### [Task brief]
Below are lines of records; copy exactly those from the one containing "33 Likes 3 Comments" through the one containing "J&M Furniture CE", leaving the pictures behind.

### [Extracted records]

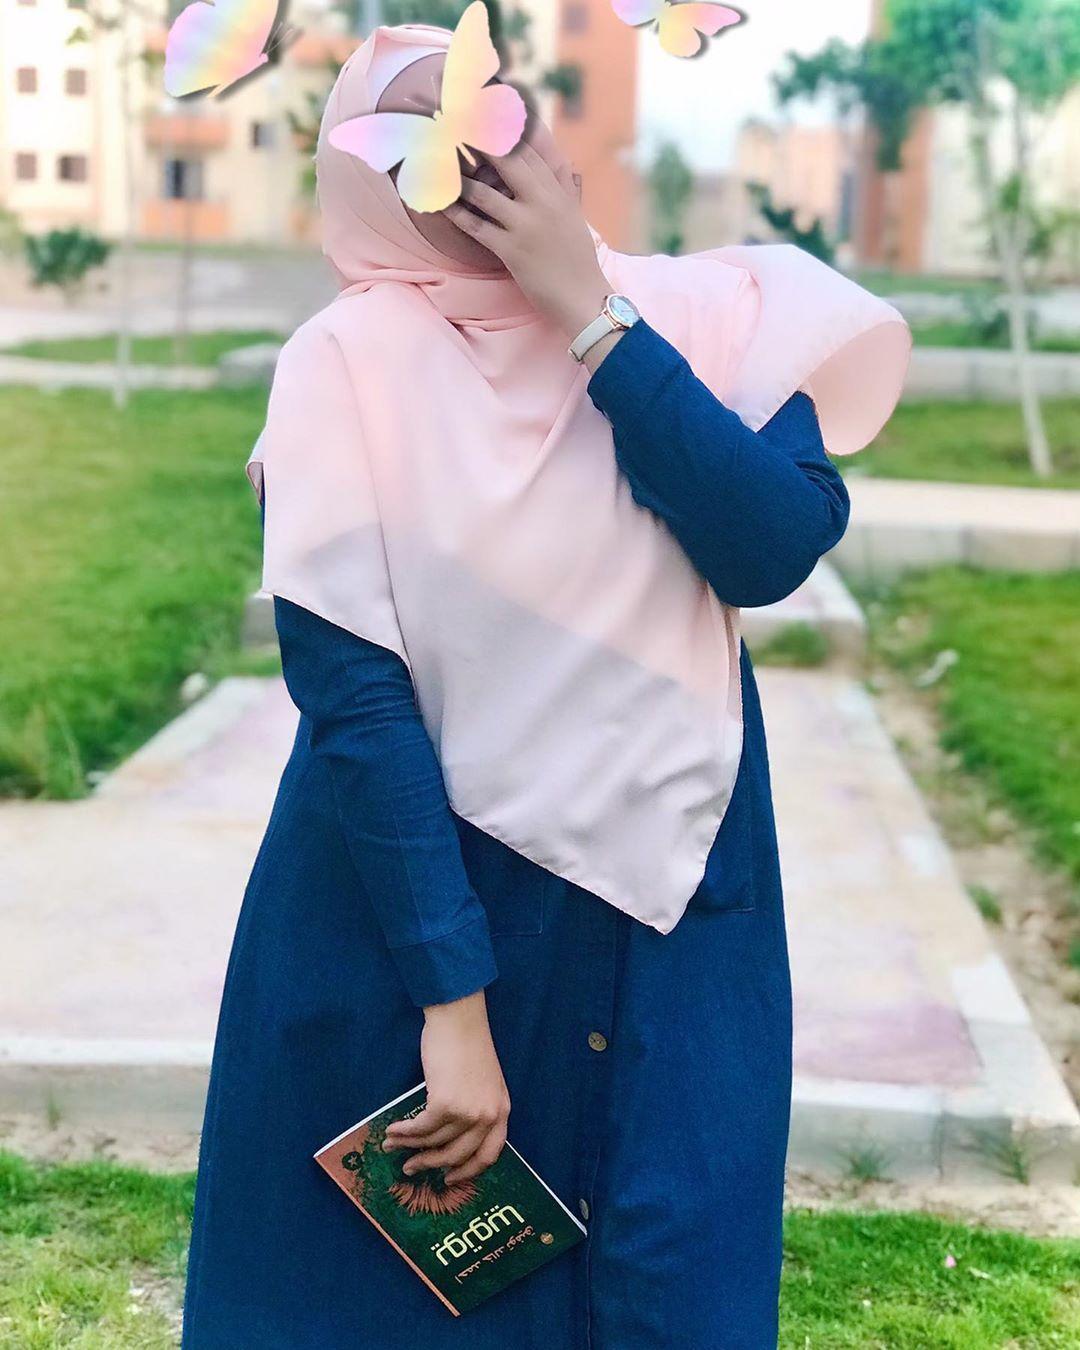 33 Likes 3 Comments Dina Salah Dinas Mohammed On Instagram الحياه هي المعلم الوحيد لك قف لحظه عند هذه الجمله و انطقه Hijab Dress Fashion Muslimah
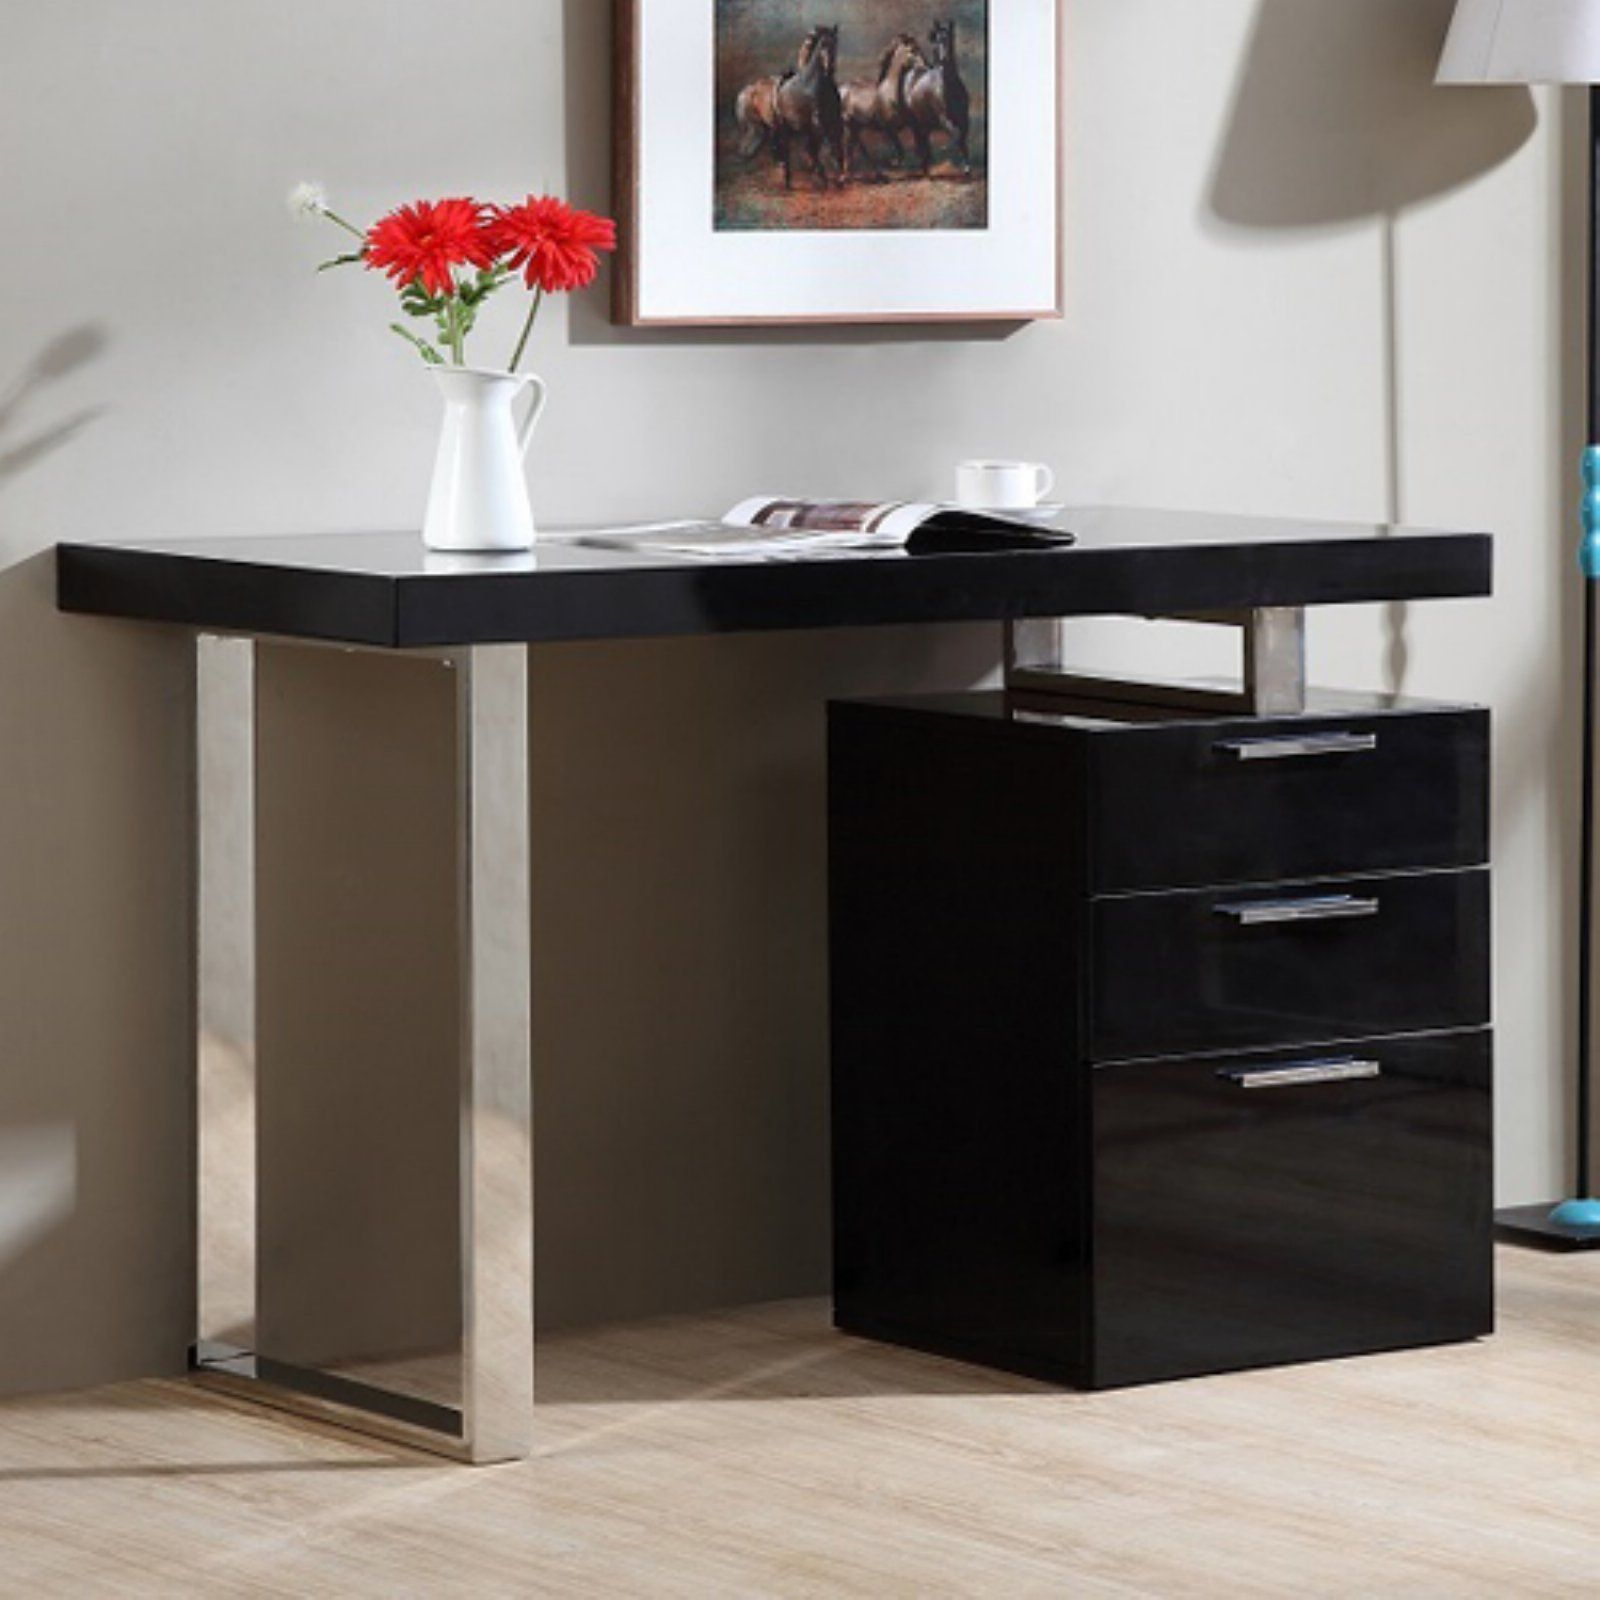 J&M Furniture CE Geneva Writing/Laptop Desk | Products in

---

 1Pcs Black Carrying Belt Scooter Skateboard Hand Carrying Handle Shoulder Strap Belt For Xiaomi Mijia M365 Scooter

### [Final answer]
 33 Likes 3 Comments Dina Salah Dinas Mohammed On Instagram الحياه هي المعلم الوحيد لك قف لحظه عند هذه الجمله و انطقه Hijab Dress Fashion Muslimah
 J&M Furniture CE Geneva Writing/Laptop Desk | Products in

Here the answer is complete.